On top of the running costs one needs to consider as well the costs of maintaining the solution. There is a cautionary tale from the tech sector that one should not focus on the cost of buying a software solution but instead the cost of maintaining it. This is something that clearly is not reflected in the award criteria, so my impression here is that Infraestruturas de Portugal is not really taking it into account.
On the value side it is also important to consider the counter-factual. This tool is supposed to do a significant part of the workload associated with public procurement. €1M is a big opportunity cost that would pay for the full economic cost of a lot of salaries for a good few years of people that could be hired instead. And that is without even taking into immediate consideration BIA's running and maintenance costs mentioned above.
Award criteria
As for award criteria, Infraestruturas de Portugal established the following award criteria and percentage breakdown:
| Criterion | Percentage |
|---|---|
| Price | 40 |
| Quality | 30 |
| Proof of concept | 30 |
The quality part is then further subdivided into:
| Quality sub-criteria | Percentage |
|---|---|
| Architecture/design | 40 |
| Governance and transparency | 30 |
| Performance and SLA | 30 |
| Security and data protection | 10 |
| Team | 10 |
| Sustainability and knowledge transfer | 10 |
This looks all ok as do the rubrics for each sub-criterion. I would say, however, is that probably the first quality sub-criterion (architecture/design) in practice will be double weighted since it is likely the proof of concept assessment overlaps with it.

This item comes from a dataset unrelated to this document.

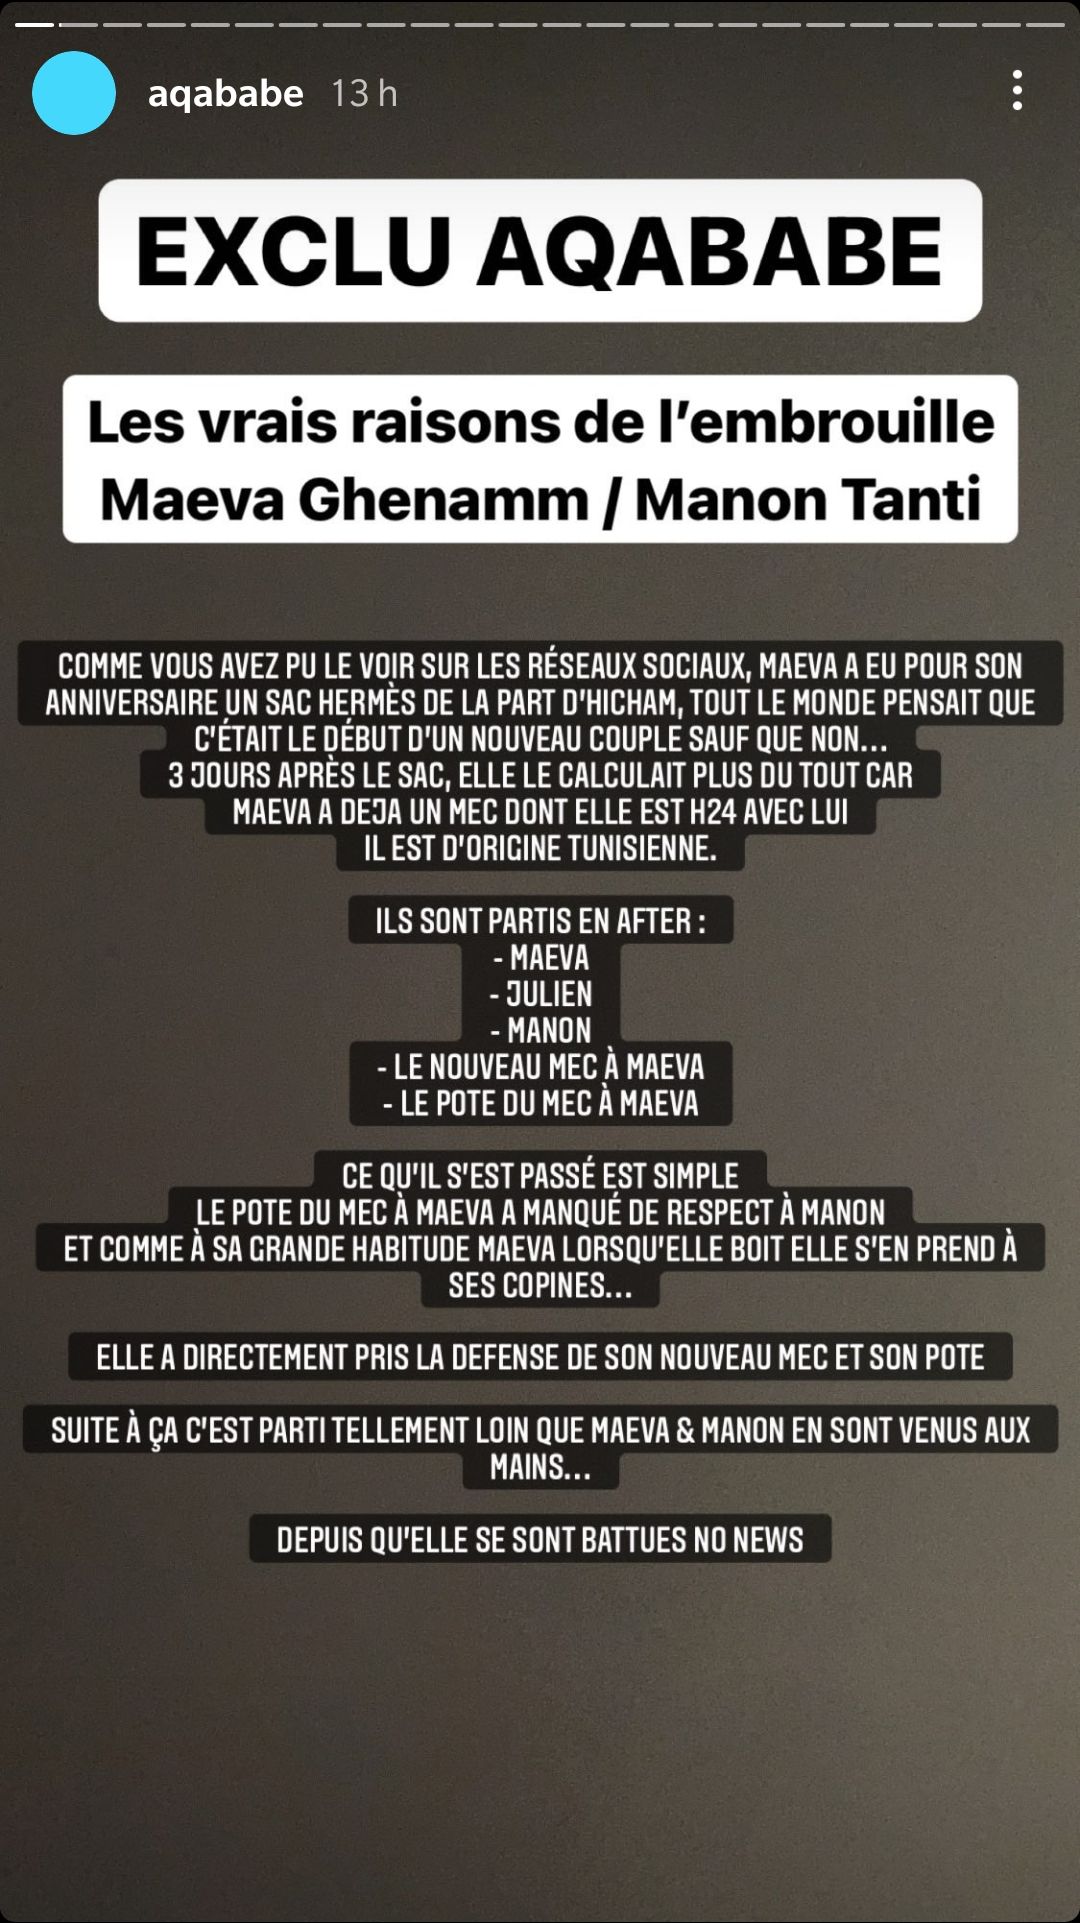  Aqababe dévoile les raisons de l'embrouille entre Maeva Ghennam et Manon Marsault @Instagram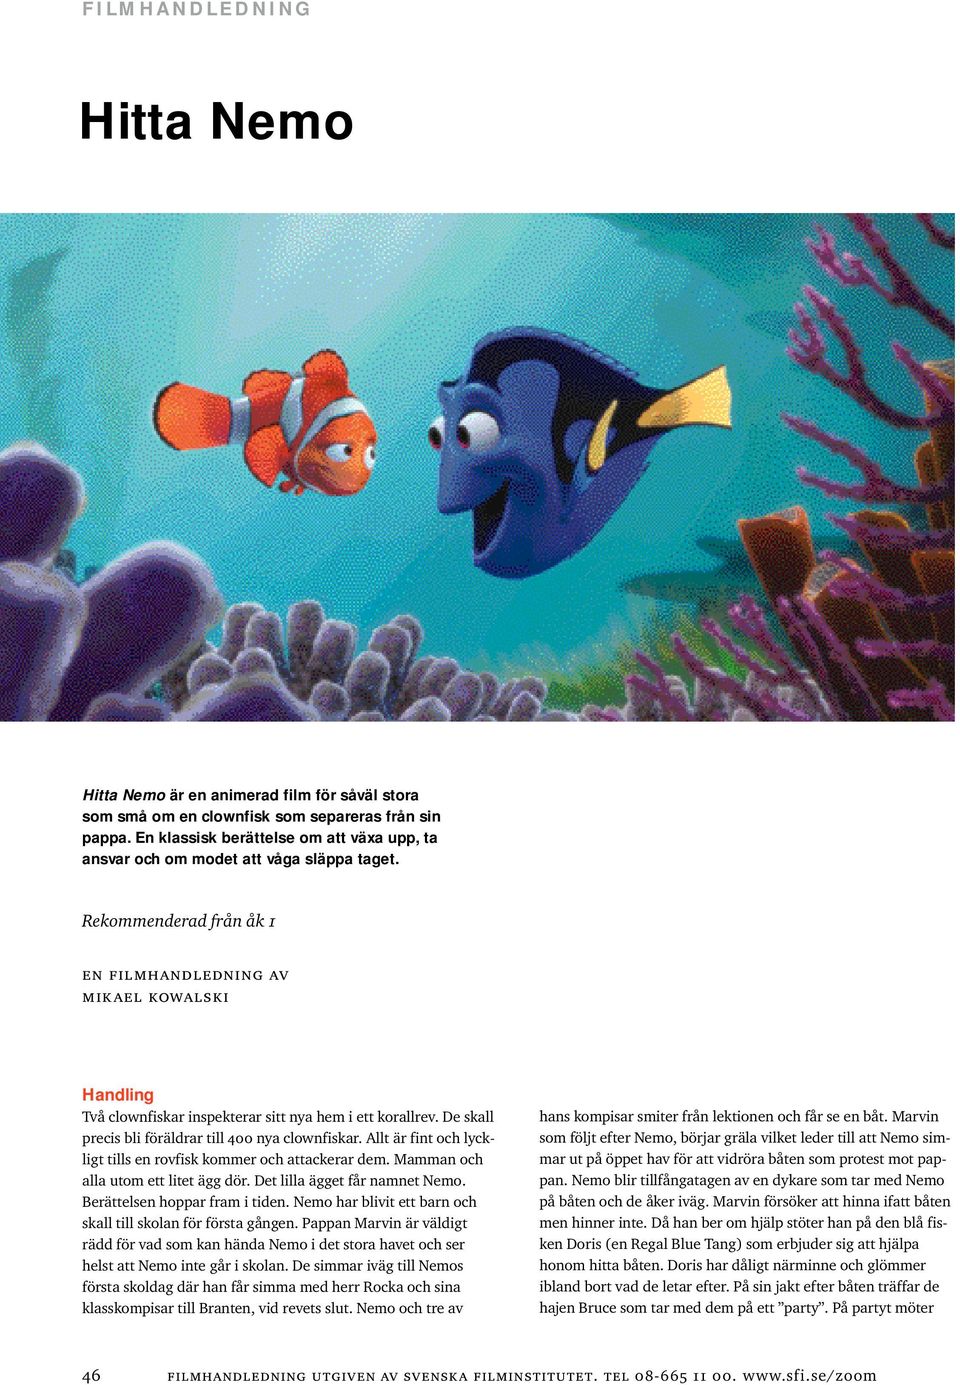 Hitta Nemo FILMHANDLEDNING. Rekommenderad från åk 1. en filmhandledning av  mikael kowalski - PDF Free Download

Speaking of the proof of concept, it is divided into three challenges, whose requirements are well described and thought out in the technical specifications. In particular, the first scenario which is simply checking and validating if specific formal requirements are met seems quite logical as it is based on data that is already digital anyway. There is more to say about the analysis of scenarios 2 and 3, but it makes more sense to discuss them with the wider substantive issues.
What I found missing or lacking in the award criteria is not taking into account BIA's ongoing costs as discussed above. Some of the quality elements are supposed to measure the ability of the contracting authority developing the tool autonomously on its own (liability klaxon), but other than that the contracting authority is not interested in calculating the ongoing costs and the tradeoffs between a more performant model that is more expensive to run and one that is cheaper but not as good.
That looks very puzzling to me since overall the award criteria seem well designed. I find it unlikikely that someone who can designed award criteria with this level of detail is completely oblivious to running costs. Honestly, it is almost as whomever decided on them made a conscious decision not to include any ongoing costs into the equation.
Tomorrow we will start looking into the substantive issues of BIA itself instead of the procedural part of the procurement.